Shiba, a young girl of the Tharu community celebrates Maghi very happily with her family. But once the festival is over, she is sent to the city for a year in contract to work as a domestic help. At an age of playing and going to school, she is made to work from early morning till late night. This makes a deep psychological impression in the mind of the young girl. She feels herself belittled everyday rather than thriving and growing. Unable to cope with the physical and psychological burden, she finally collapses one day.

This is the common fate of most young Tharu girls whose parents send them to work in faraway cities. Aarohan is presenting this issue in the form of an improvisational play ‘Kamlari’, in which the rescued girls themselves have participated with Gurukul artists under the direction of Sunil Pokharel. Fourteen of these girls of age group 14-17 received a ten-day training for this play. The play will be performed at Sama Theatre, Gurukul, Old Baneshwor at 5:30 pm till April 21. Kamlari is a major problem in the western Terai, especially in Tharu community, where daughters are given in contract to landlords from Kathmandu, Pokhara, Butwal and even to households in India for a paltry amount of money or foodgrain. This practice is driven in part by poverty. Many of these families are extremely poor and own little or no land. So this becomes a source for their income. All these things are fixed on the day of Maghi - the major festival of the Tharu community in Nepal. Though many things have been done to put an end to this practice, it still exists. From cities like Nepalgunj, Butwal, Pokhara and Kathmandu, people go in search of girls to work as domestic help. ‘Kamlari’ is an improvisation during rehearsal with no written script. The girls themselves are dramatising their own problems. Poet Shrawan Mukarung’s piece has added to the intensity of the play. He says, “I wrote this poem after seeing the rehearsal. Now I feel I have been able to capture the feelings of the play and Pokharel has perfectly incorporated it into the play”.

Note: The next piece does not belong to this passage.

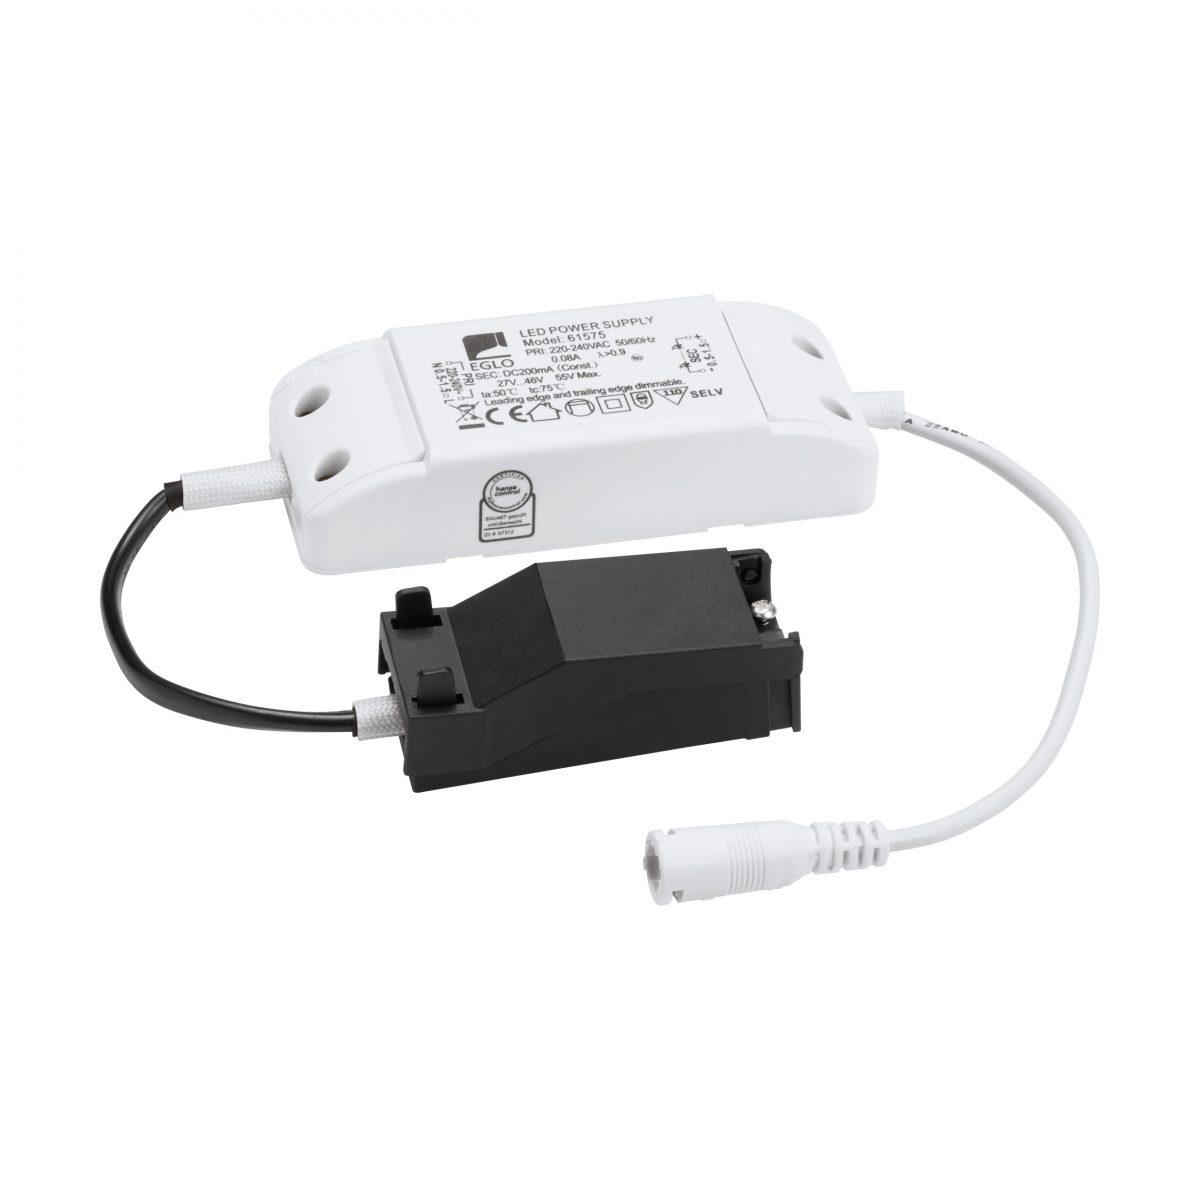 Трансформатор DRIVER 200MA/PROFESSIONAL LIGHTING EGLO 61575 - Фото №28
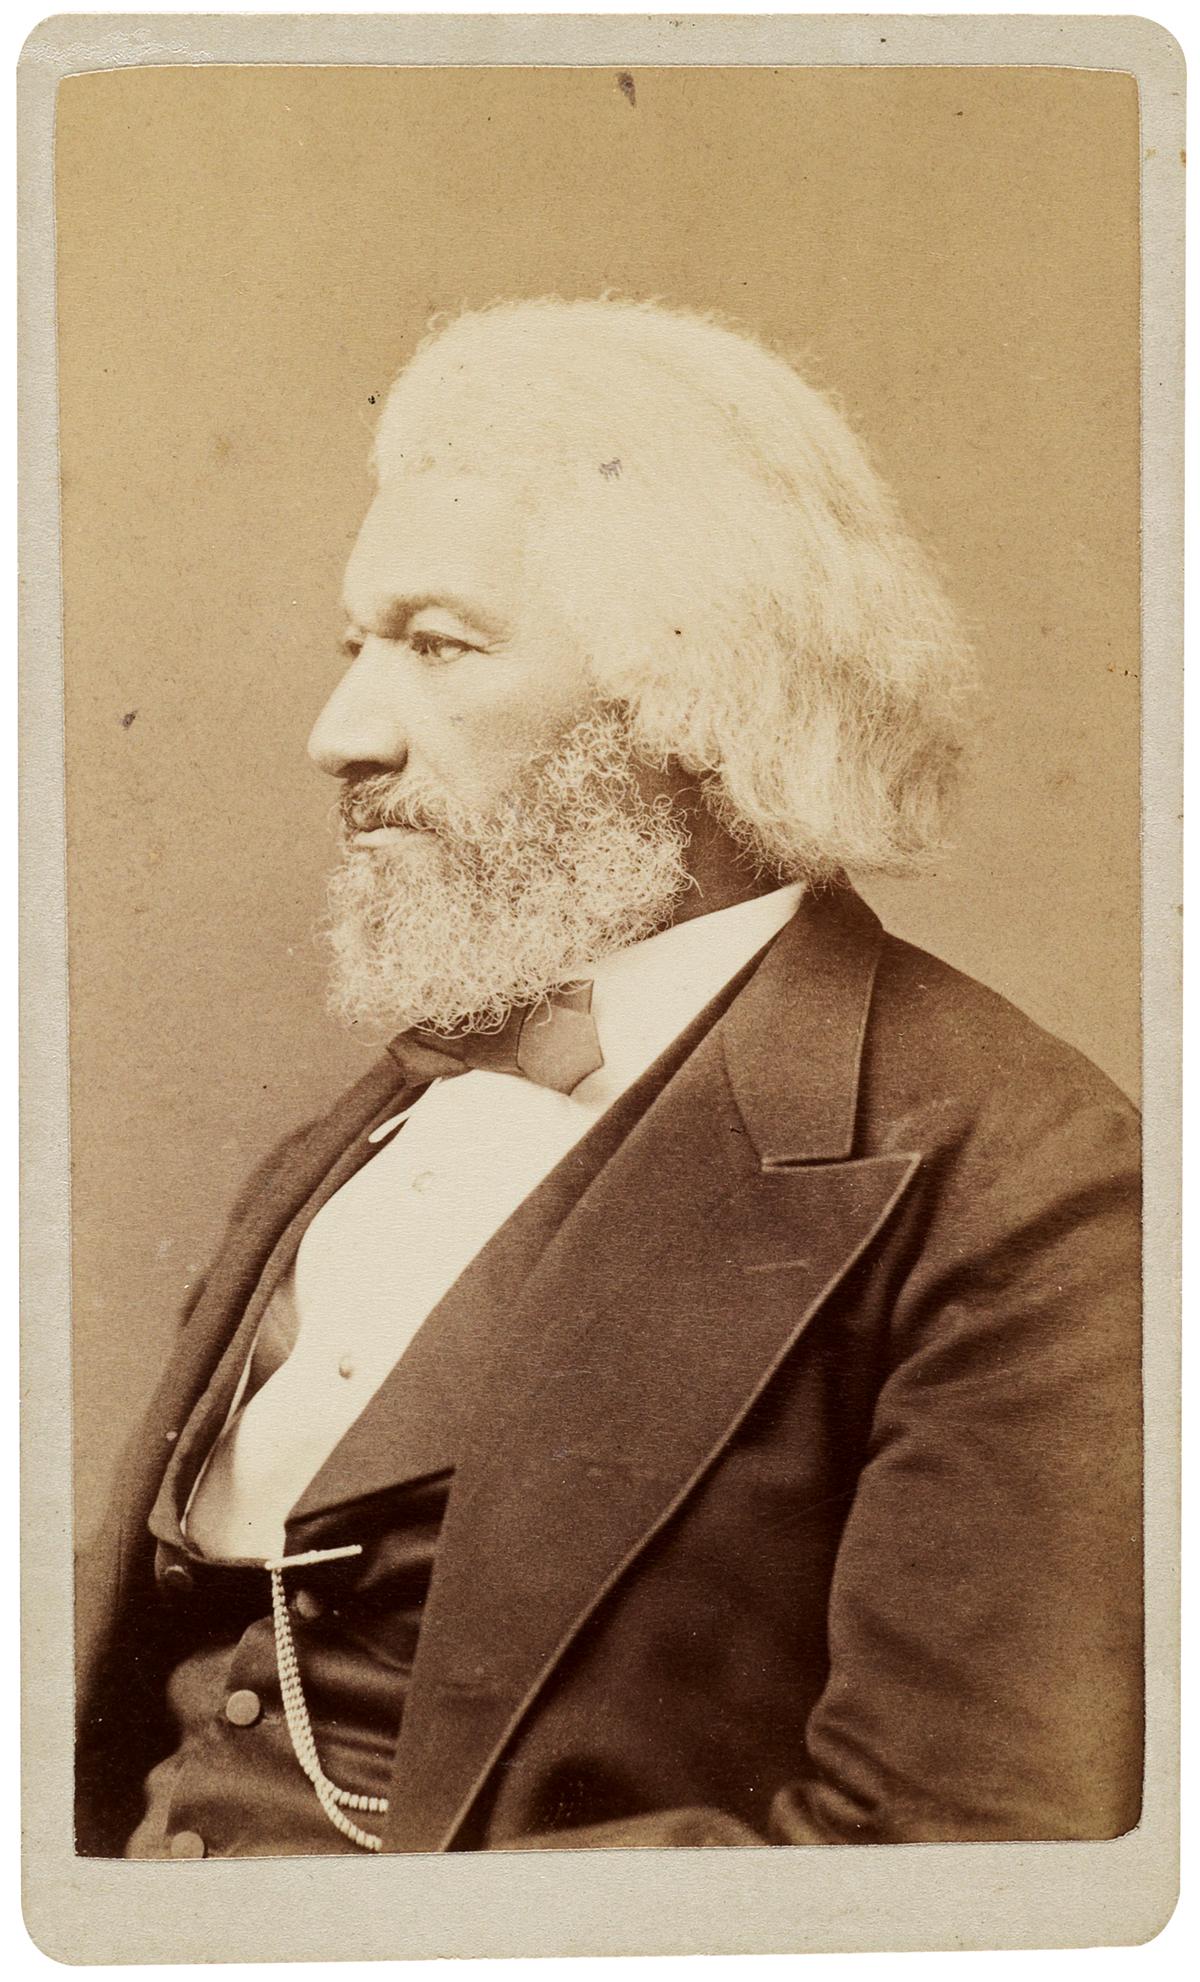 (DOUGLASS, FREDERICK.) Fassett, Samuel M.; photographer. Previously unknown carte-de-visite portrait of Douglass.

“We decided to work with the Kamlari Group of Deukhuri, Dang, with an aim to discourage people employing underage girls as domestic helpers, to fight against this practice and to create awareness in buyers and brokers of Kamlaris,” says Pokharel. “We asked them to show how they celebrate their festival and then did a little editing,” says director Pokharel humbly. But one could see his artistic vision throughout the play. The director’s thoughts, Kamlari’s feelings, and artistes’ performance coincide perfectly, making a powerful impression on the audiences.